Publications

Dementia-Capable Care Coordination

Author(s): 

Brooke Hollister, Jason D. Flatt and Susan A. Chapman

Date: 
May. 25, 2017

This study describes the program requirements, workforce competencies, and barriers for dementia capable care coordination within health plans from seven states participating in the Center for Medicare and Medicaid Services demonstration programs for dually-eligible Medicare and Medicaid beneficiaries.

Background:

As of 2015, an estimated 5.4 million Americans had Alzheimer’s disease, costing the U.S. $226 billion in health care costs (Alzheimer’s Association, 2015, 2016). Medicare and Medicaid were expected to cover approximately 68% of these costs or $153 billion (Alzheimer’s Association, 2015). Persons with Alzheimer’s disease and related dementias (ADRD) frequently have other serious comorbid chronic health conditions (Bynum, 2009). People with serious medical conditions and ADRD are more likely to be hospitalized, and hospital length of stay (LOS) is longer, than people with the same conditions without ADRD.

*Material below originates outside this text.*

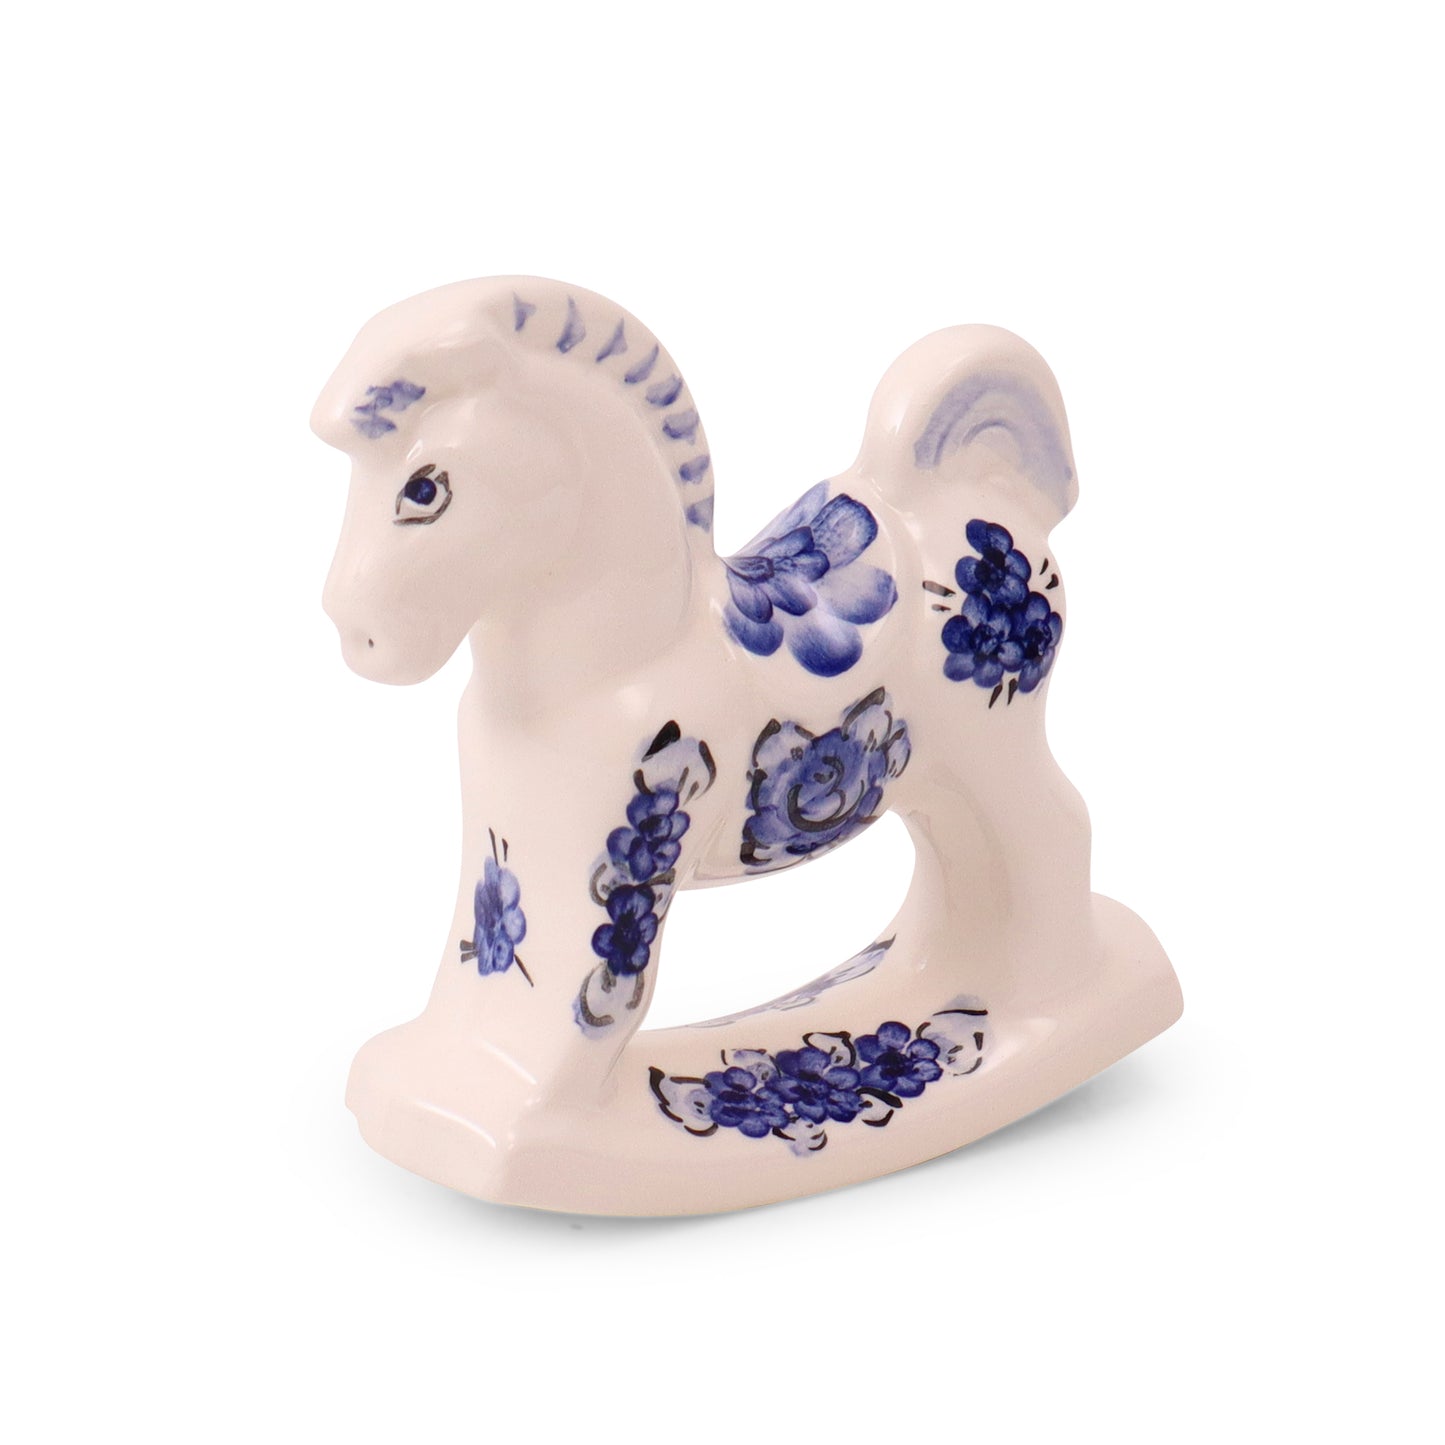 4"x4.5" Rocking Horse Figurine. Pattern: Cobalt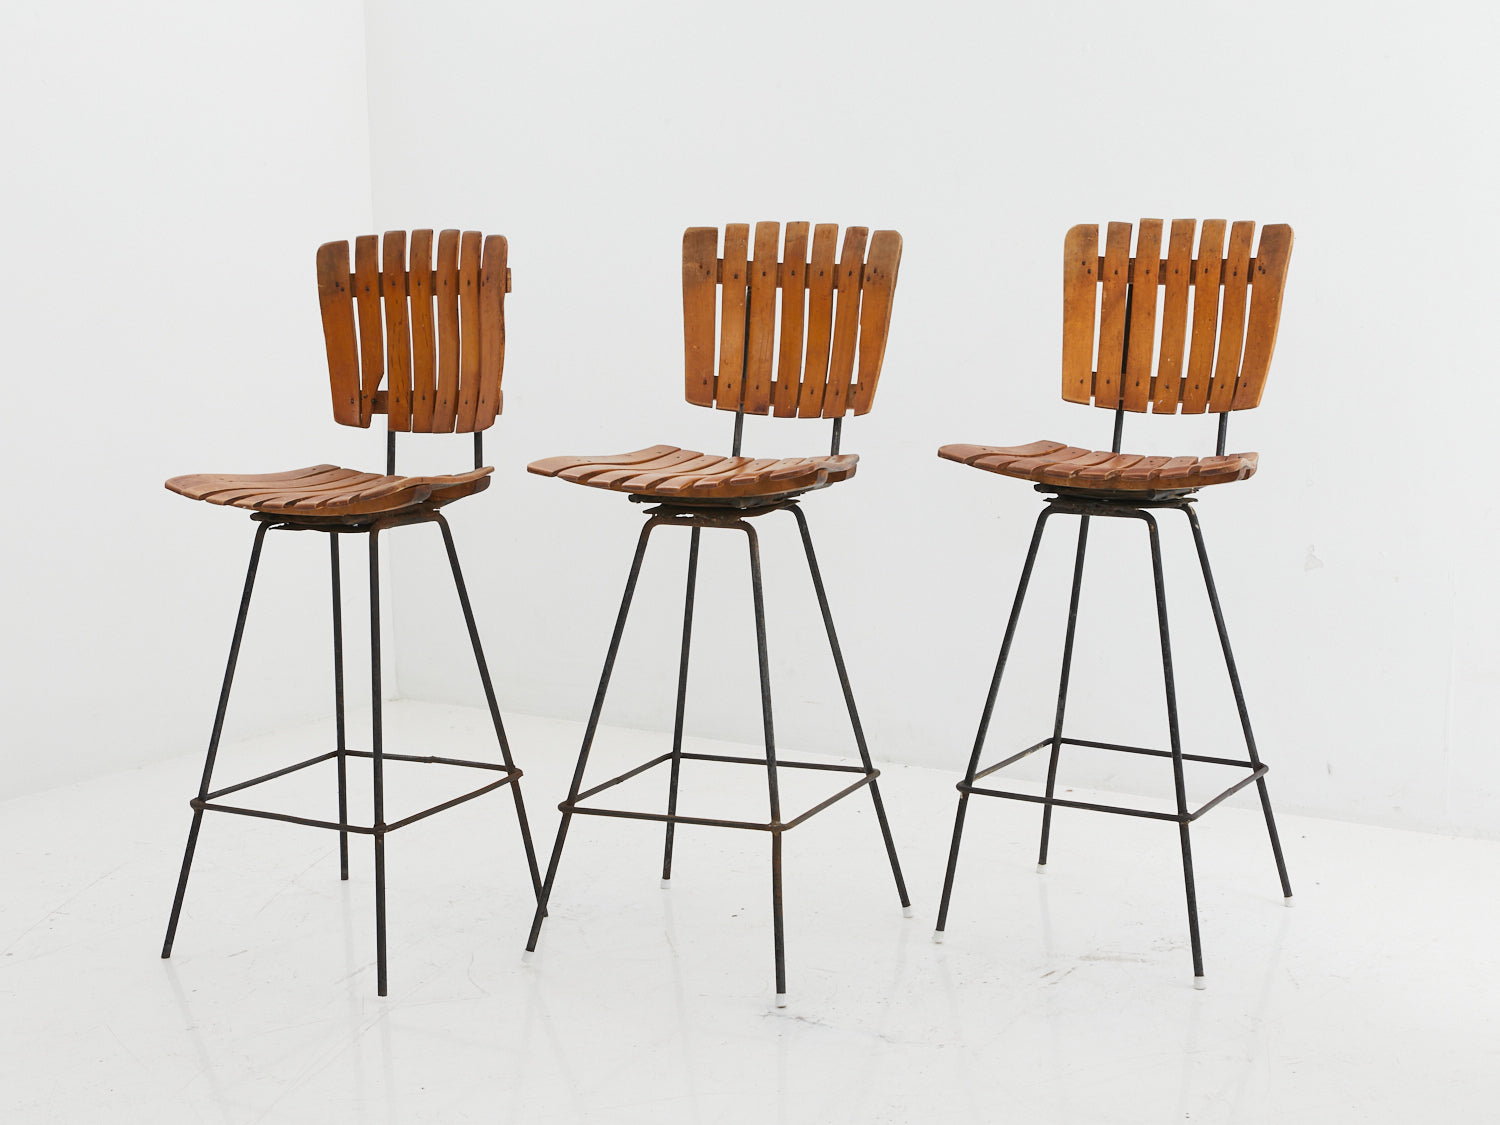 Set of 3 iron and wood stools by Arthur Umanoff

Research Design and Methods:

Data came from contracts, policy documents, and 24 semistructured key informant interviews with national experts and leaders from community-based organizations, advocacy organizations, researchers, federal and state government, and health plans in the seven states.

Results:

Contracts included language mandating care coordination practices deemed dementia-capable, including workforce qualifications, training, and experience; dementia screening; involvement of a caregiver in the care planning process; and education, support groups, and referral resources for people with dementia and their caregivers. There was little consistency across states in their dementia capable requirements and informants questioned the dementia capability of the care coordination workforce and practice. However, promising practices and areas for improvement were identified.

Discussion and Implications:

The variability of the duals demonstrations made it difficult to compare across states. The three-way contracts were often the starting point of a process to more clearly define policies and practices in each state including workforce requirements. Efforts should be made to further adopt and translate evidence-based practices into health systems and evaluate promising practices.